An Anglo-Saxon poet once noticed something funny and a little sad happening in a monastery library. A tiny creature was devouring some of the most brilliant words ever written, page by page, night after night. And it had absolutely no idea what it was eating.
A moth ate words. That seemed to me a curious happening, when I heard about that wonder, that the worm, a thief in the darkness, swallowed a certain man’s song, a glory-fast speech and its strong foundation. The stealing guest was not at all the wiser for that, for those words which he swallowed.
Here’s a hint: this little thief lives in a place full of knowledge, feasts on it every night, and learns absolutely nothing.
Click to Reveal the Answer
A Bookworm 🐛
A moth larva chewing through the pages of a handwritten manuscript. It eats the words, the parchment, the binding, everything. But it understands none of it. The greatest feast of knowledge in the world, completely wasted on the guest.

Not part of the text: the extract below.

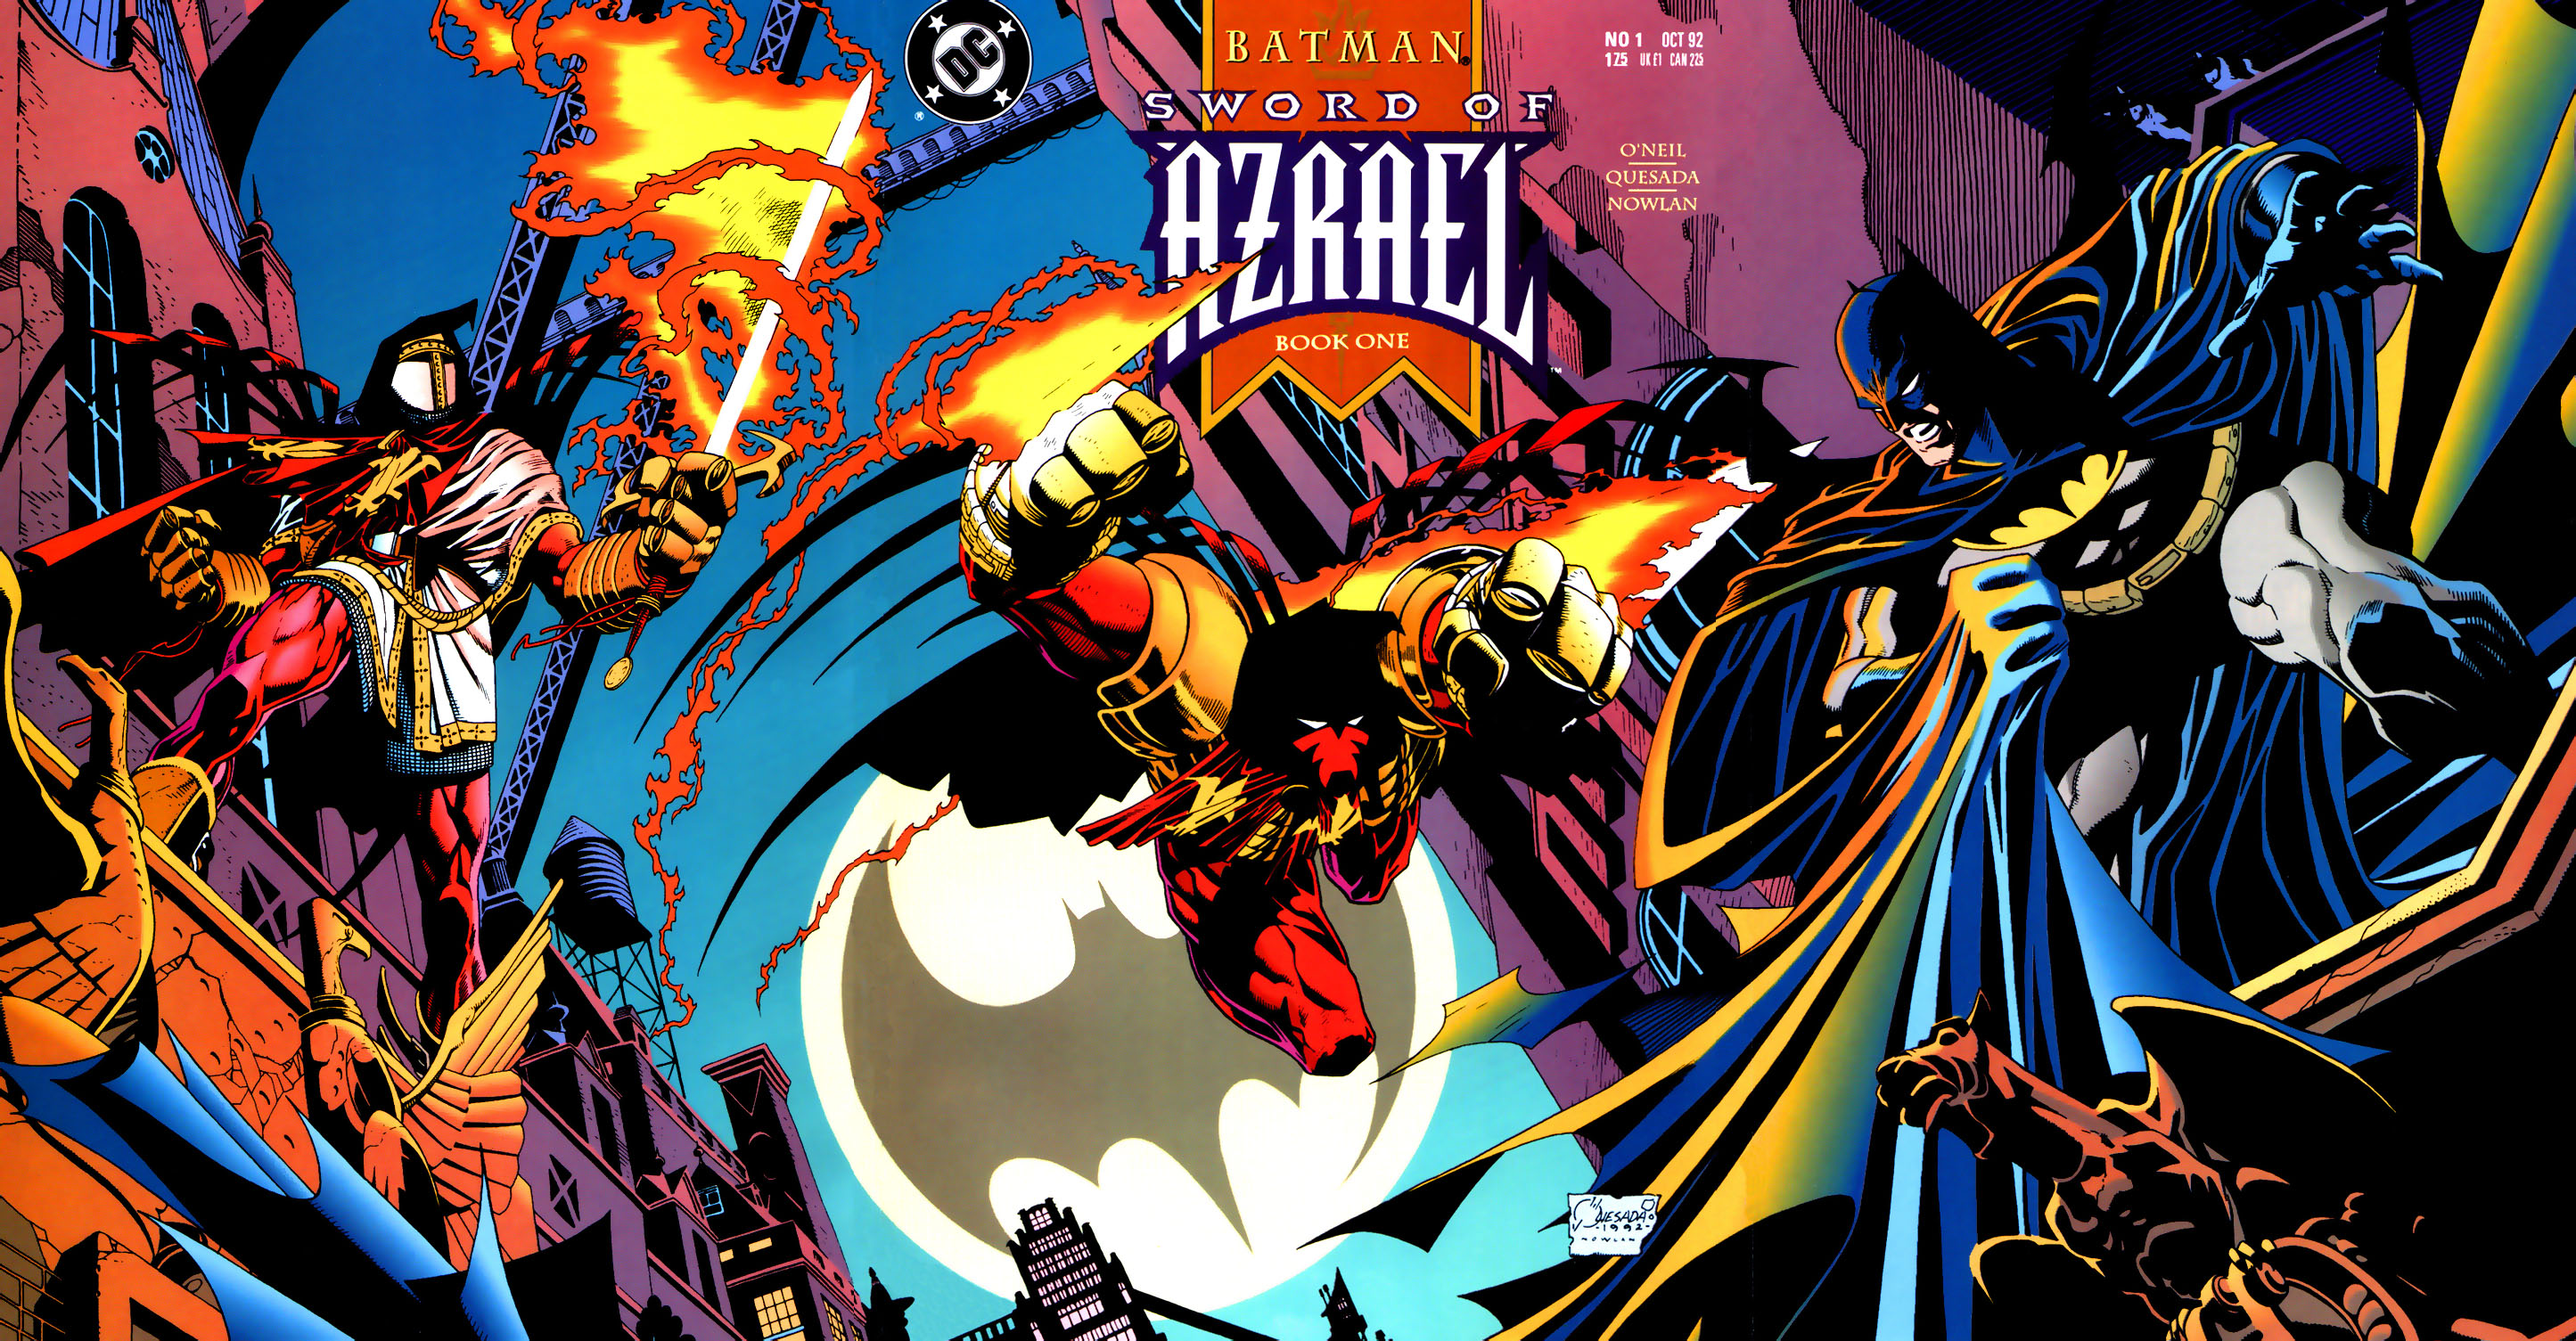 Details about   BATMAN SWORD OF AZRAEL #4 NMINT Early Appearance  AZRAEL DC Comic 1993 Quesada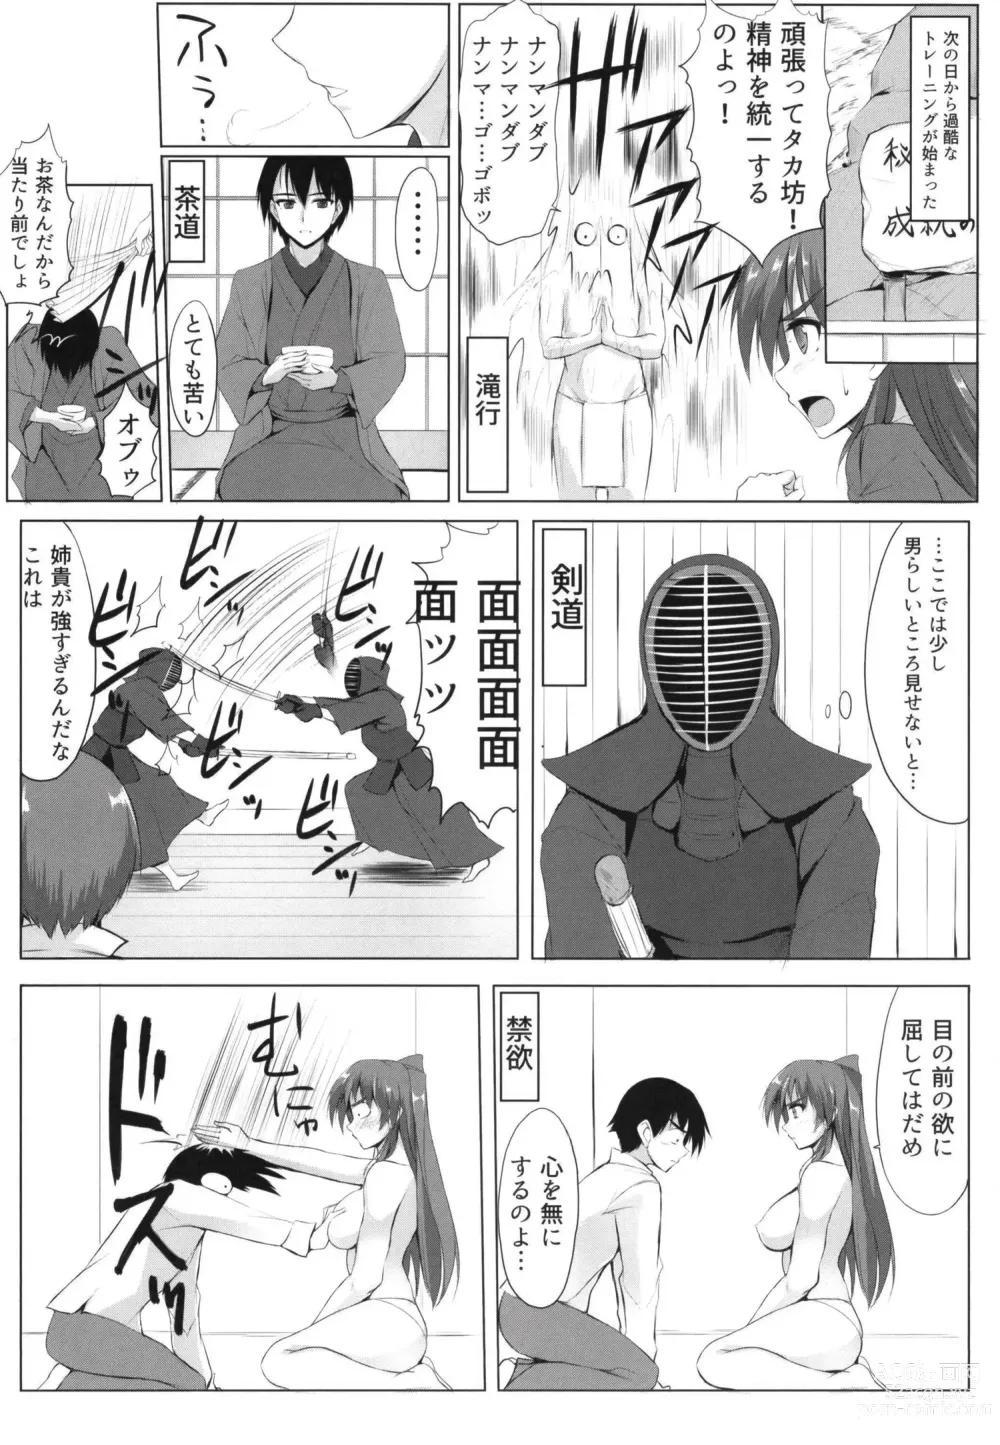 Page 5 of doujinshi Wasurenagusa

The Thief Who Ate a Library
This is Riddle 47 from the Exeter Book, the great 10th-century manuscript of Old English poetry. In just seven lines of alliterative verse, the poet describes a moth larva tunneling through a handwritten manuscript in the dark, devouring the ink, the parchment, and the leather binding of what was once someone’s life’s work. The Old English opening line is wonderfully blunt: Moððe word fræt (“A moth ate words”). But then the poet slows down to marvel at what just happened. A “thief in the darkness” has swallowed a man’s gied (song), his þrymfæstne cwide (glory-fast speech), and its strangan staþol (strong foundation). And after all that, the thief is “not one whit the wiser.” It ate a masterpiece and gained nothing.
The riddle didn’t come from nowhere. It’s an Old English reworking of Enigma 16 by Symphosius, the Roman poet whose party riddles we’ve seen before in this series. Symphosius’s Latin version is just as sharp: “Letters fed me, but I do not know what letters are. I lived in books, but am no more studious for that. I devoured the Muses, but still have not myself progressed.” The Anglo-Saxon poet took those three neat lines and transformed them into something darker and more emotional, adding the image of a thief working in the dark, the sense of a specific person’s words being lost, and that devastating final judgment: not one whit the wiser.
What makes this riddle quietly brilliant is that it works on more than one level. On the surface, it’s about an insect eating a book. But medieval monks would have recognized a deeper joke. The Latin word ruminatio meant both “chewing” and “meditating deeply on a text,” and a good monk was supposed to ruminate on scripture the way a cow chews its food: slowly, thoroughly, drawing out every last bit of nourishment. The bookworm is the perfect anti-reader. It chews every page but digests nothing. It’s a gentle warning dressed up as a riddle: don’t be the worm. Don’t consume words without understanding them.